* [Work to complete]: Starting with the line that has "的 state 气泡。她们都使用黄色进行了高亮。" in the records below and stopping after the line that has "Colonia, Germania 02", output every line exactly and nothing else; skip pictures.

* [Information shown]:

§ §

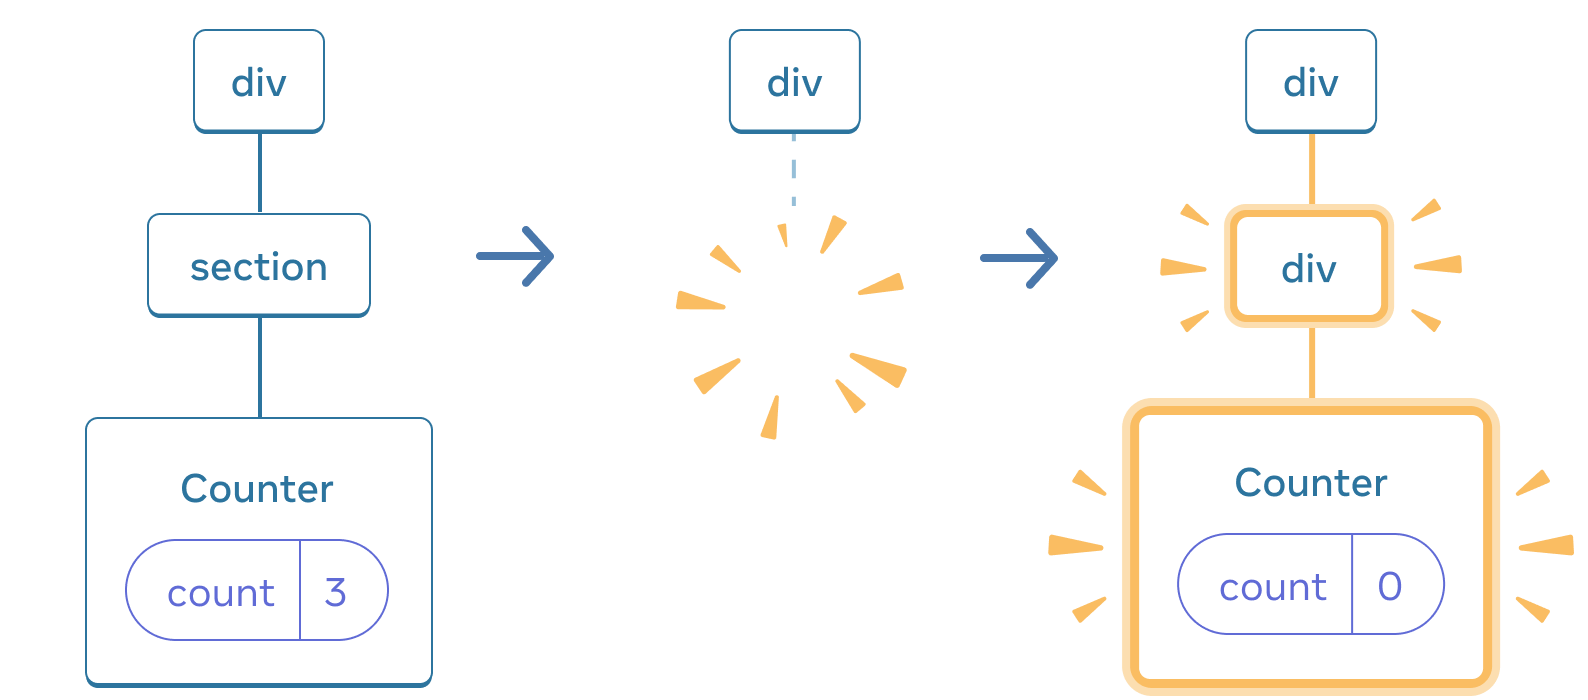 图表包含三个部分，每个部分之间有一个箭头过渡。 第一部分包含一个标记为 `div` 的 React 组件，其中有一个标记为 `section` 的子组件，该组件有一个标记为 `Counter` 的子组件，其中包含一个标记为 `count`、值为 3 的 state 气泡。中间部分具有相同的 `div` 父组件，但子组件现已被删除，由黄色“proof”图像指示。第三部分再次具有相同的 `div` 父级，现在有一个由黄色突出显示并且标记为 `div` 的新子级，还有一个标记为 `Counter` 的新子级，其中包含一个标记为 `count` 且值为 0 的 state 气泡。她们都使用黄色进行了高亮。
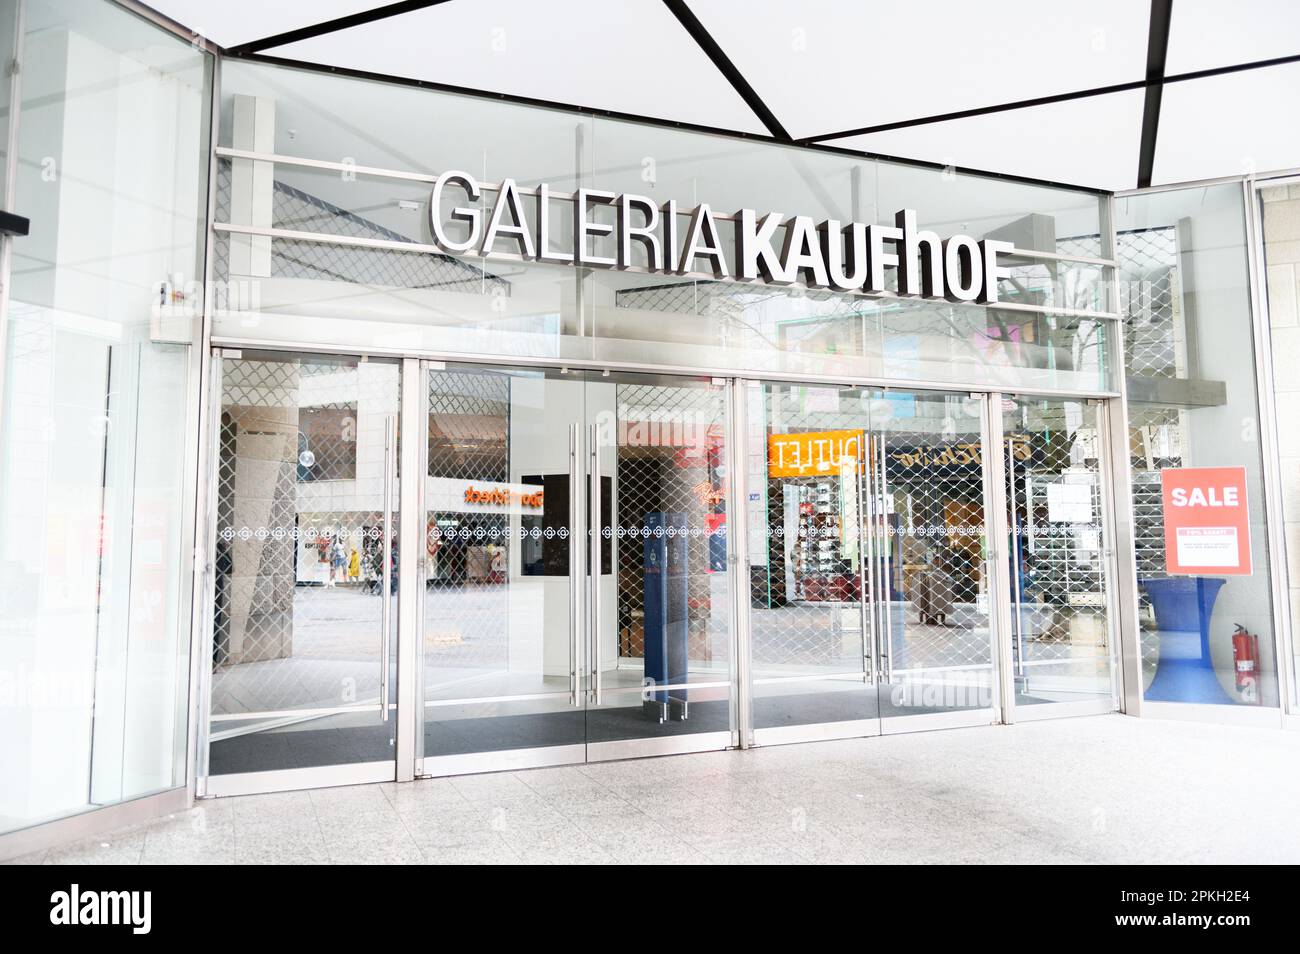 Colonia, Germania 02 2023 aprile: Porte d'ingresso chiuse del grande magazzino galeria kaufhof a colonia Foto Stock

§ §

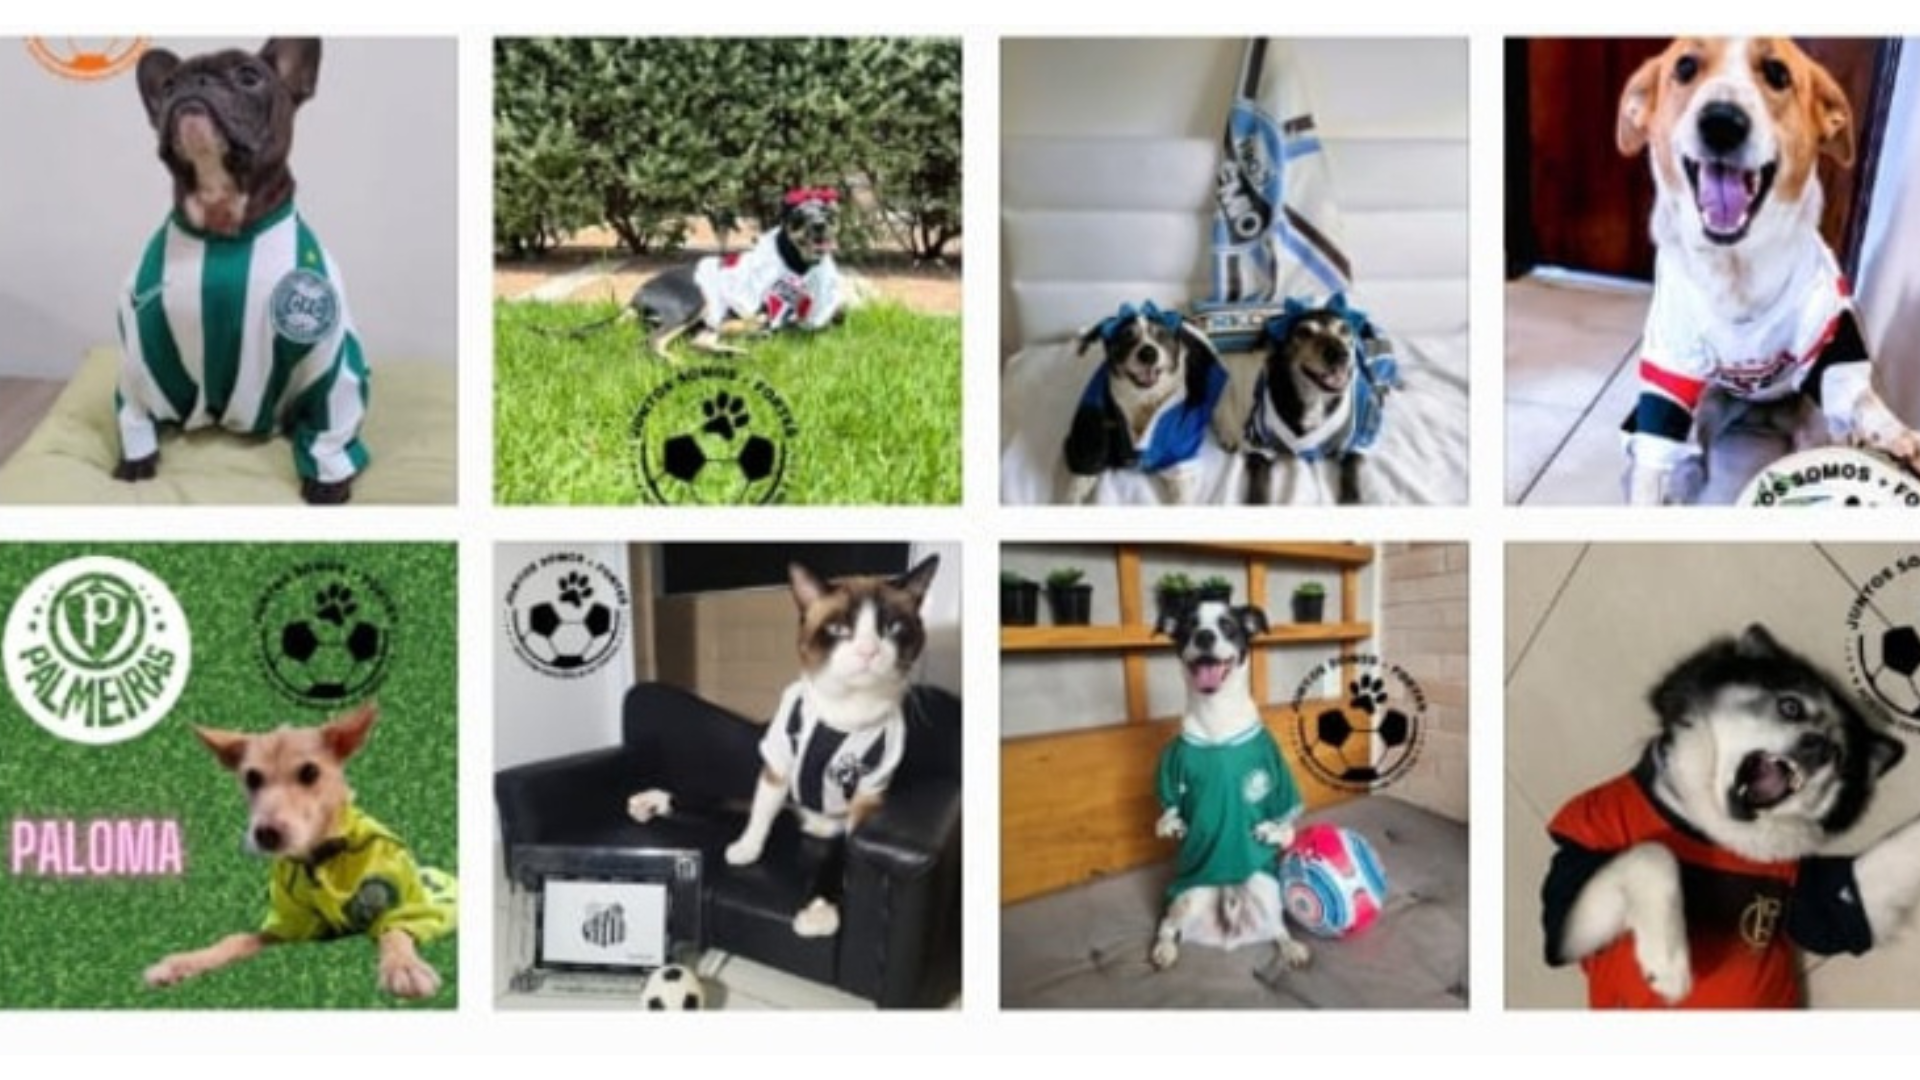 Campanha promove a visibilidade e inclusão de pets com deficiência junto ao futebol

§ §

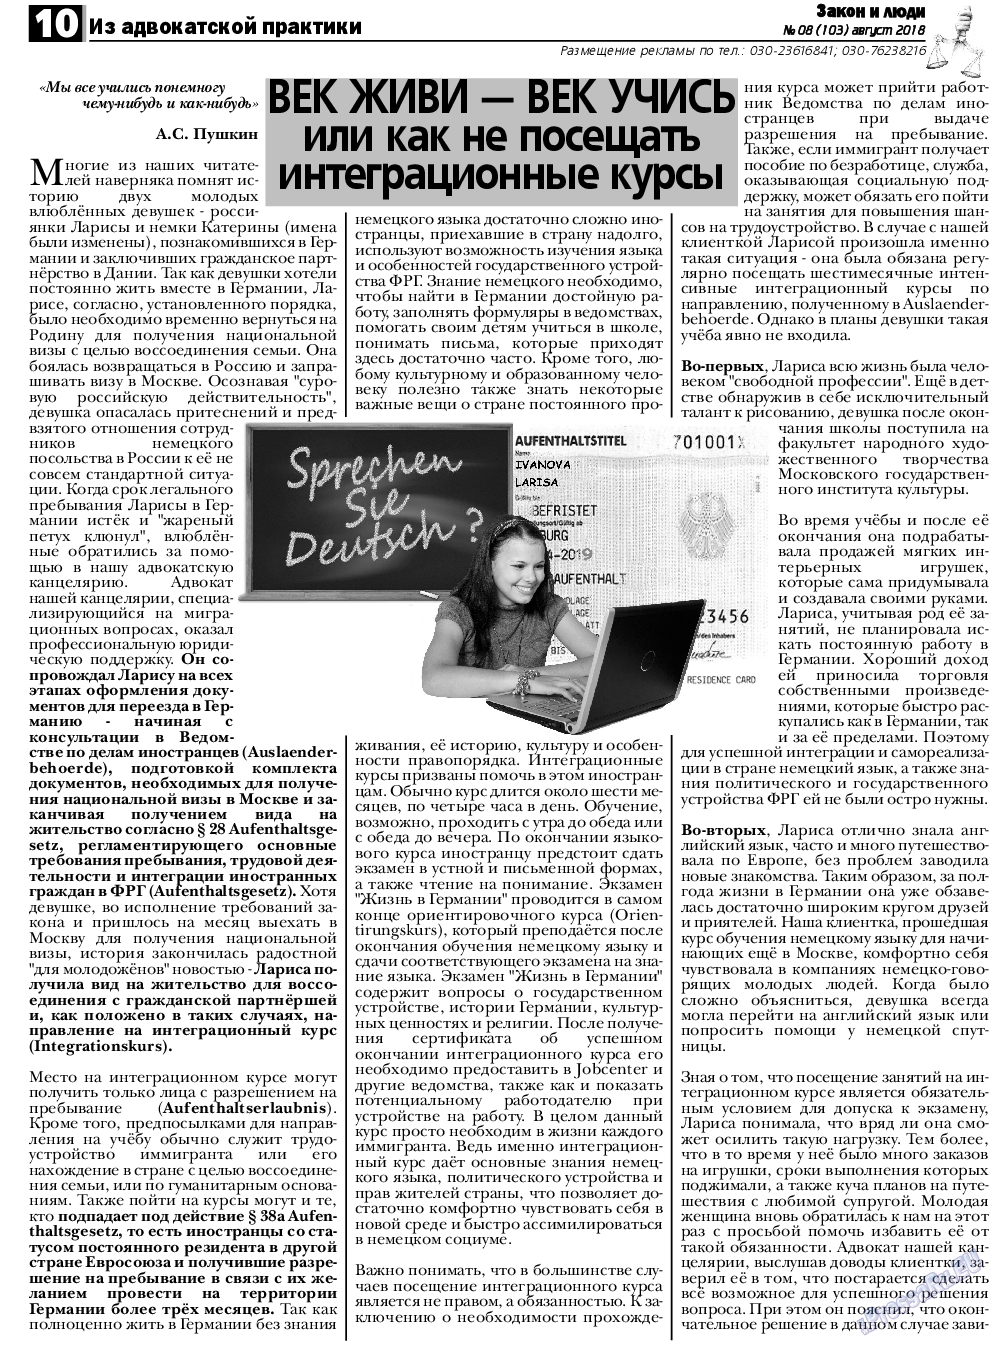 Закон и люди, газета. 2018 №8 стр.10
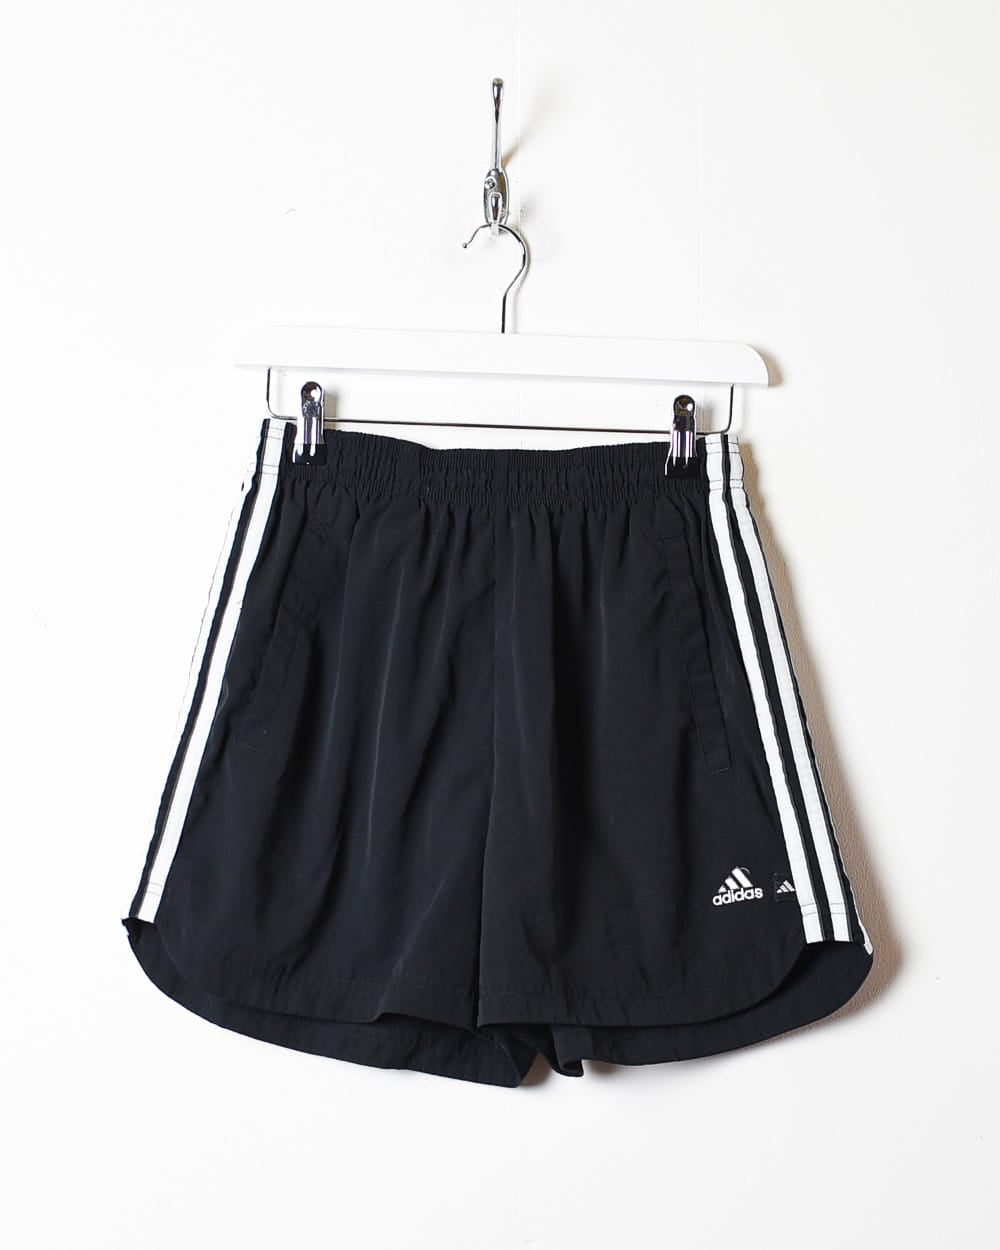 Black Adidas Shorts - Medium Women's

§ §

* [Task response]:
 图表包含三个部分，每个部分之间有一个箭头过渡。 第一部分包含一个标记为 `div` 的 React 组件，其中有一个标记为 `section` 的子组件，该组件有一个标记为 `Counter` 的子组件，其中包含一个标记为 `count`、值为 3 的 state 气泡。中间部分具有相同的 `div` 父组件，但子组件现已被删除，由黄色“proof”图像指示。第三部分再次具有相同的 `div` 父级，现在有一个由黄色突出显示并且标记为 `div` 的新子级，还有一个标记为 `Counter` 的新子级，其中包含一个标记为 `count` 且值为 0 的 state 气泡。她们都使用黄色进行了高亮。
 Colonia, Germania 02 2023 aprile: Porte d'ingresso chiuse del grande magazzino galeria kaufhof a colonia Foto Stock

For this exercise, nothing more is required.